Published 1 Dec 2011 in cs.DS | (1112.0184v3)

Abstract: In the semi-streaming model, an algorithm receives a stream of edges of a graph in arbitrary order and uses a memory of size $O(n \mbox{ polylog } n)$, where $n$ is the number of vertices of a graph. In this work, we present semi-streaming algorithms that perform one or two passes over the input stream for maximum matching with no restrictions on the input graph, and for the important special case of bipartite graphs that we refer to as maximum bipartite matching (MBM). The Greedy matching algorithm performs one pass over the input and outputs a $1/2$ approximation.
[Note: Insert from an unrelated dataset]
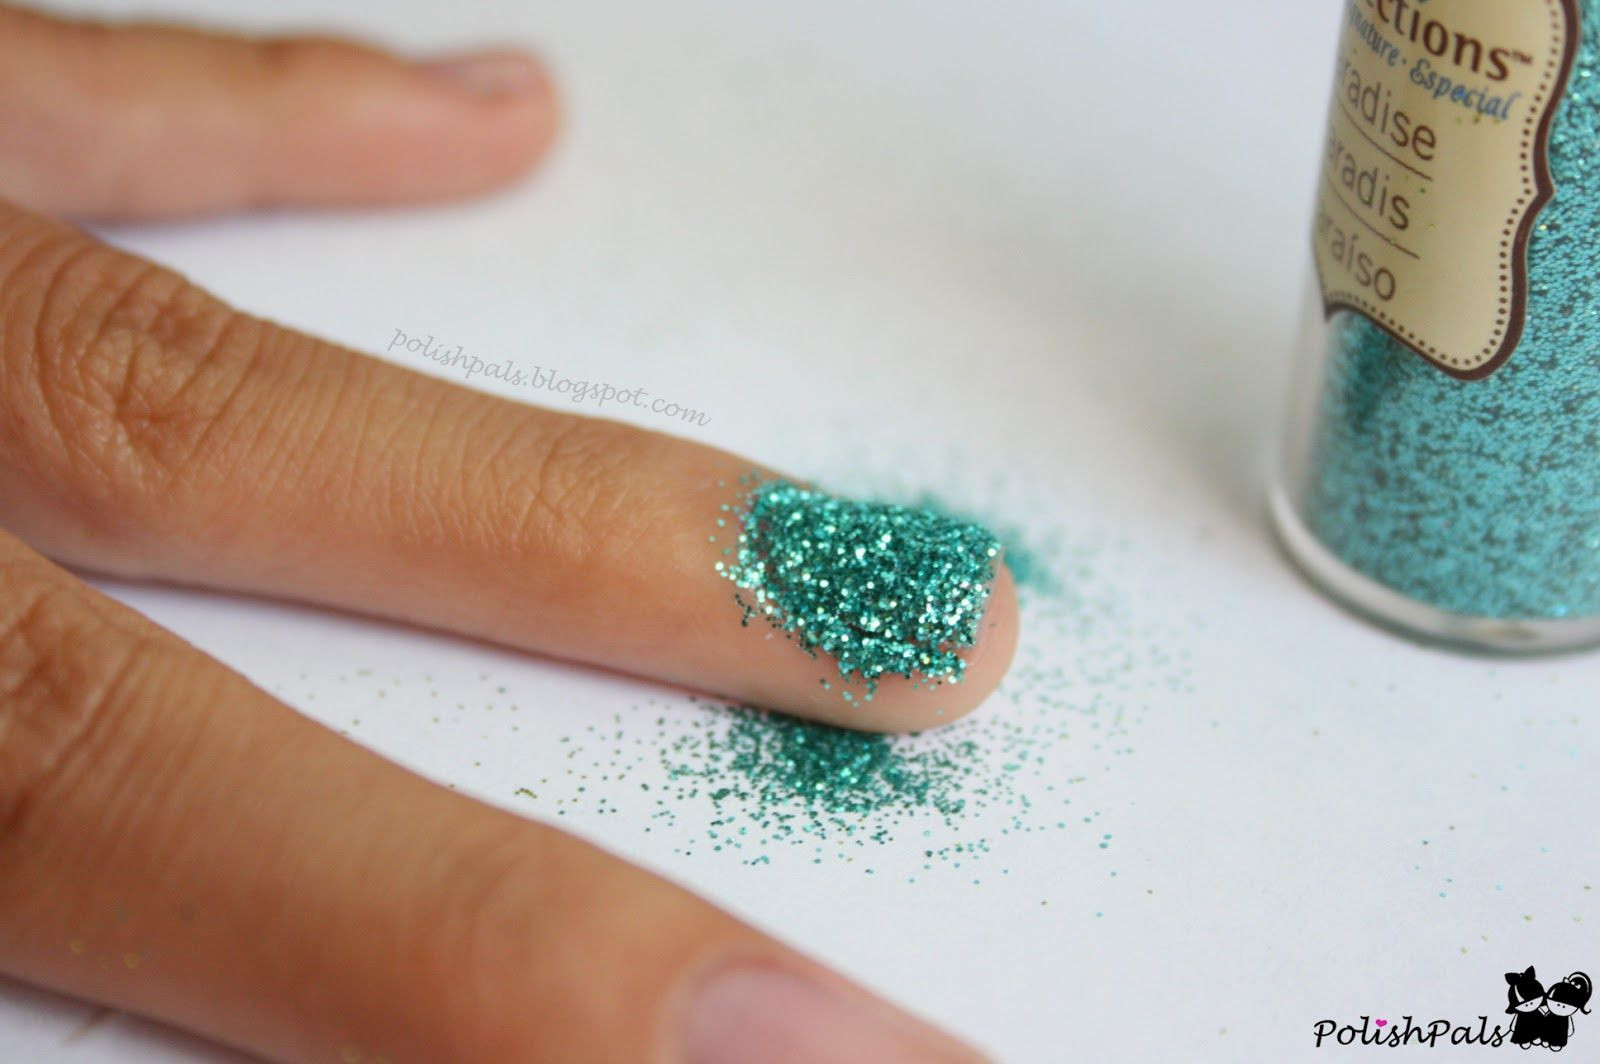 How To Apply Loose Glitter To Nails
 Learn how to apply the random loose glitter laying around

Whether there is a better one-pass algorithm has been an open question since the appearance of the first paper on streaming algorithms for matching problems in 2005 [Feigenbaum et al., SODA 2005]. We make the following progress on this problem: In the one-pass setting, we show that there is a deterministic semi-streaming algorithm for MBM with expected approximation factor $1/2+0.005$, assuming that edges arrive one by one in (uniform) random order. We extend this algorithm to general graphs, and we obtain a $1/2+0.003$ approximation. In the two-pass setting, we do not require the random arrival order assumption (the edge stream is in arbitrary order). We present a simple randomized two-pass semi-streaming algorithm for MBM with expected approximation factor $1/2 + 0.019$. Furthermore, we discuss a more involved deterministic two-pass semi-streaming algorithm for MBM with approximation factor $1/2 + 0.019$ and a generalization of this algorithm to general graphs with approximation factor $1/2 + 0.0071$.